▽

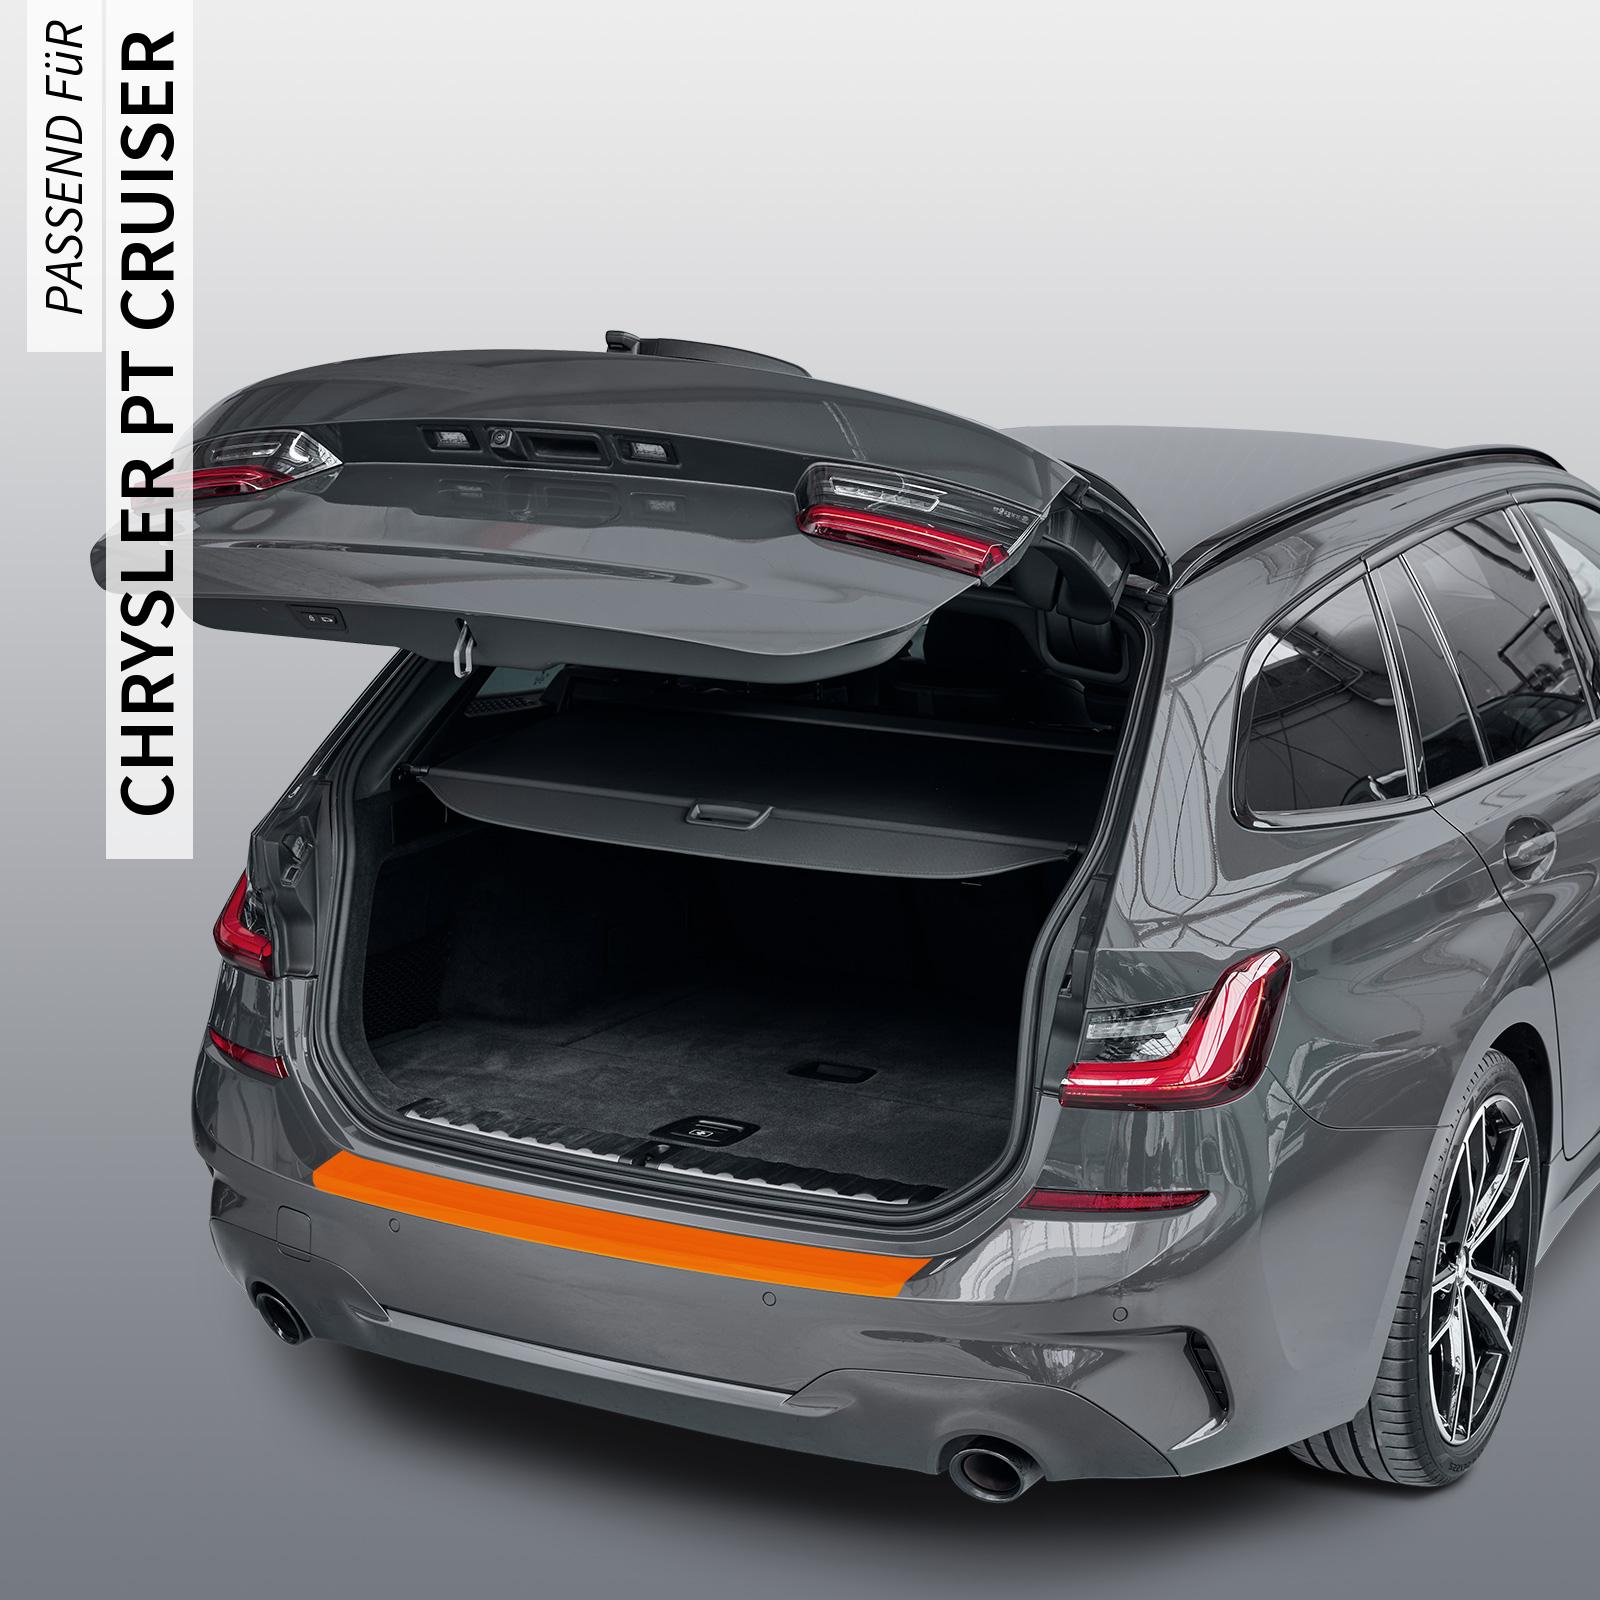 Ladekantenschutzfolie - Transparent Glatt MATT 110 µm stark  für Chrysler PT Cruiser ab BJ 2006, ab Faceliftmodell
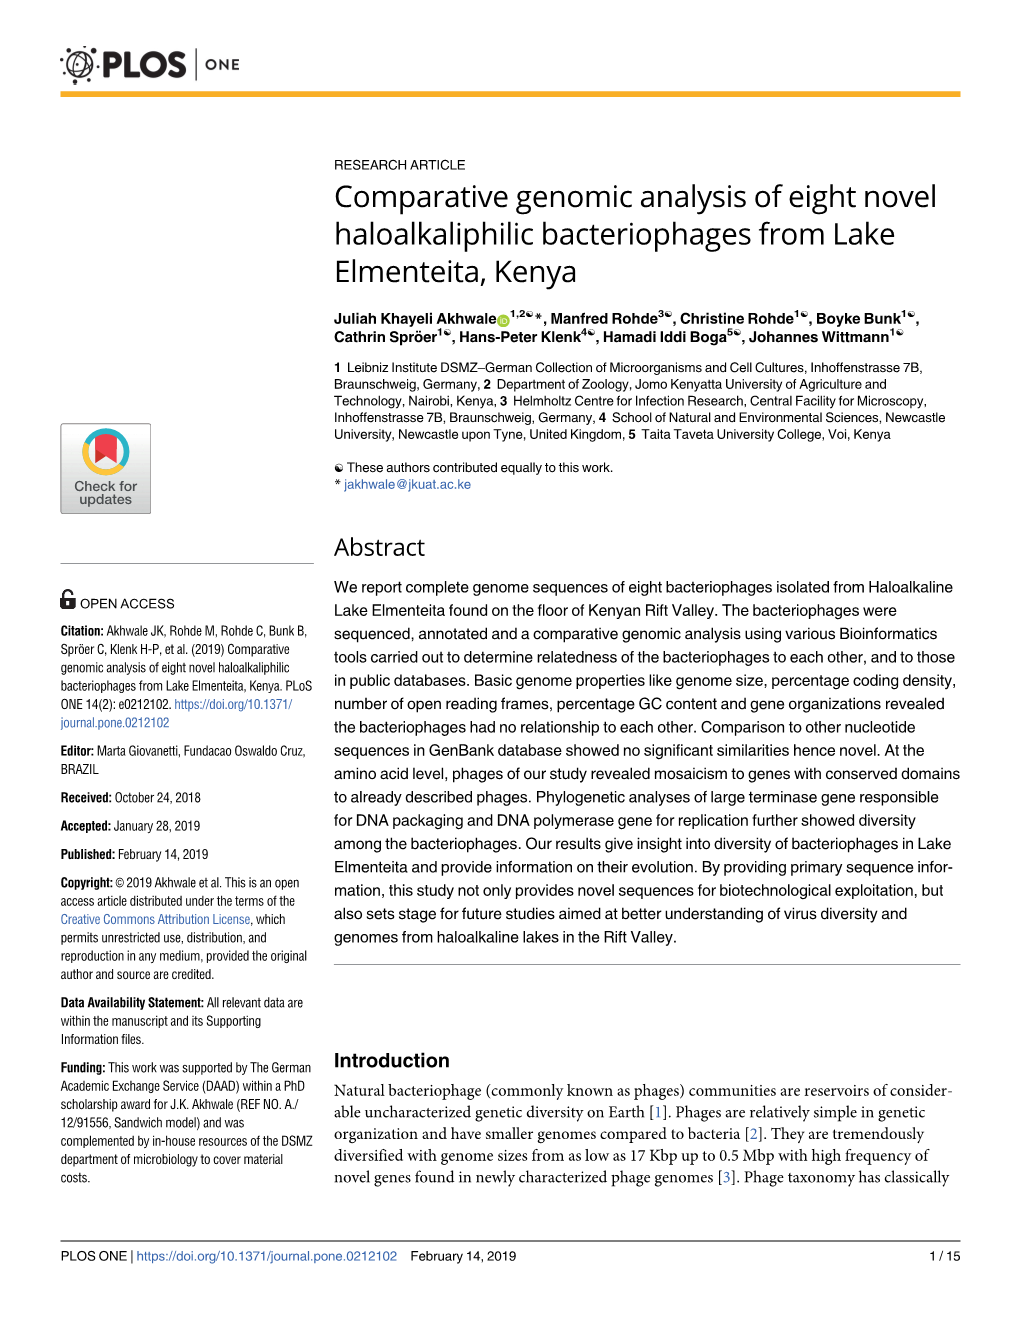 Comparative Genomic Analysis of Eight Novel Haloalkaliphilic Bacteriophages from Lake Elmenteita, Kenya
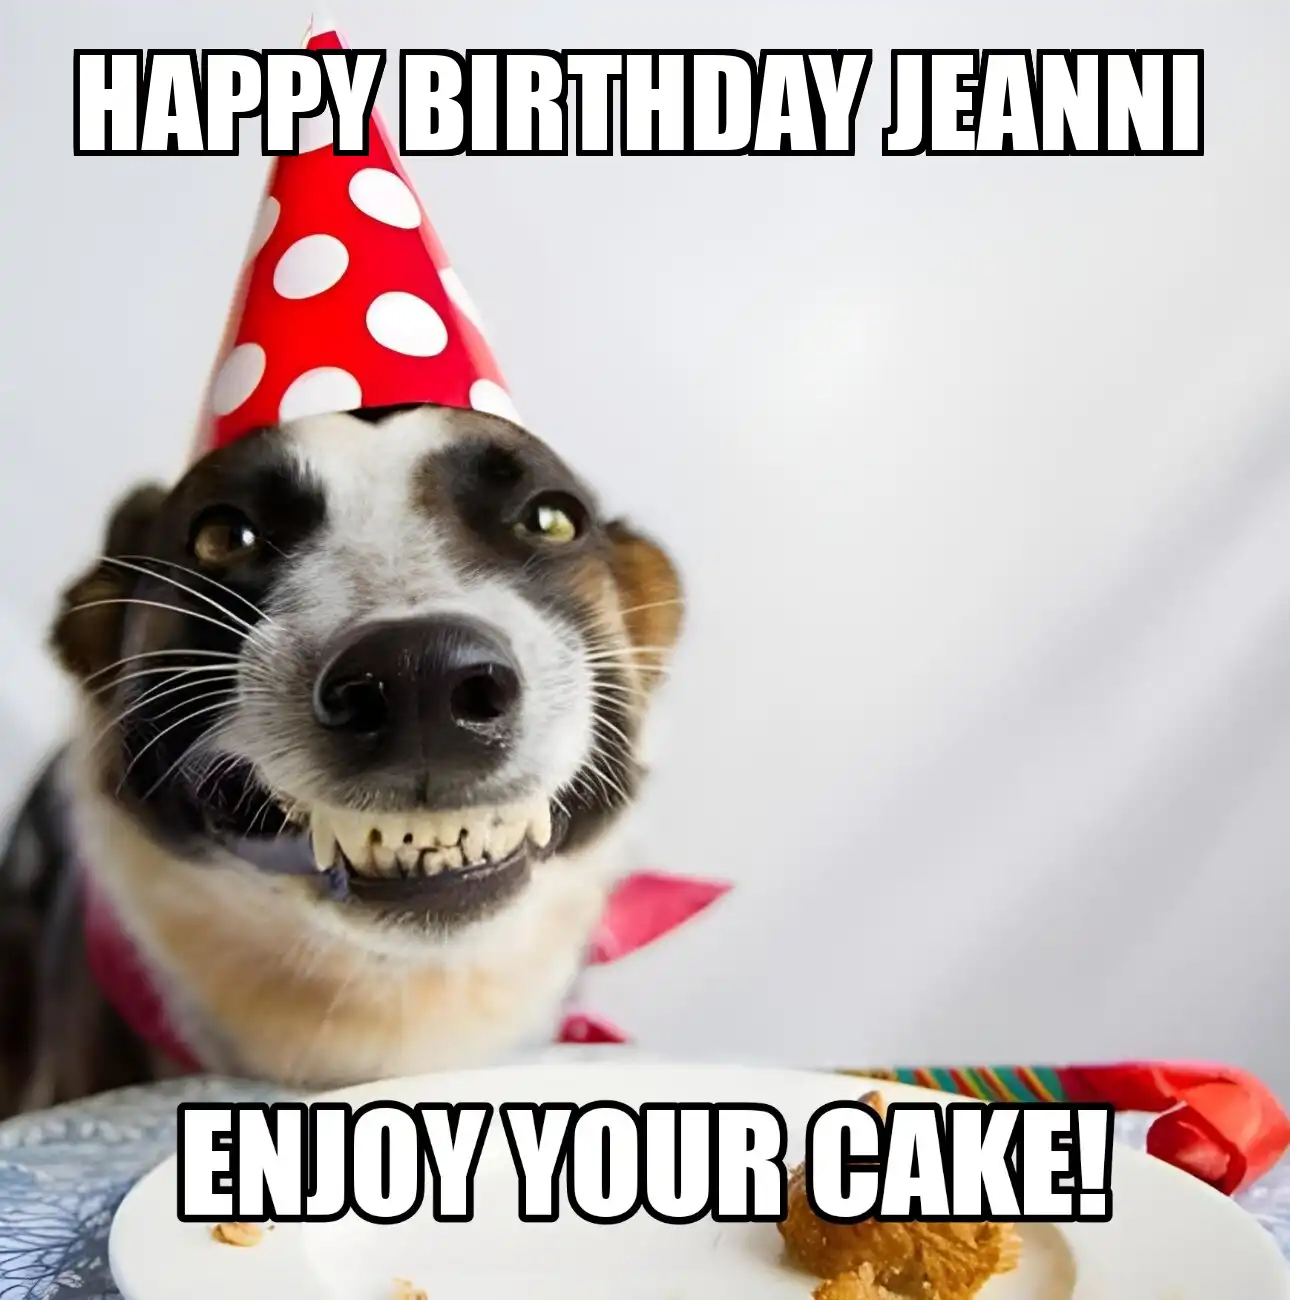 Happy Birthday Jeanni Enjoy Your Cake Dog Meme

△

* What to work on:
Omit the pictures, then copy out all the data exactly as it stands.

* Answer box:
 Ladekantenschutzfolie - Transparent Glatt MATT 110 µm stark  für Chrysler PT Cruiser ab BJ 2006, ab Faceliftmodell
 Comparative Genomic Analysis of Eight Novel Haloalkaliphilic Bacteriophages from Lake Elmenteita, Kenya
 Happy Birthday Jeanni Enjoy Your Cake Dog Meme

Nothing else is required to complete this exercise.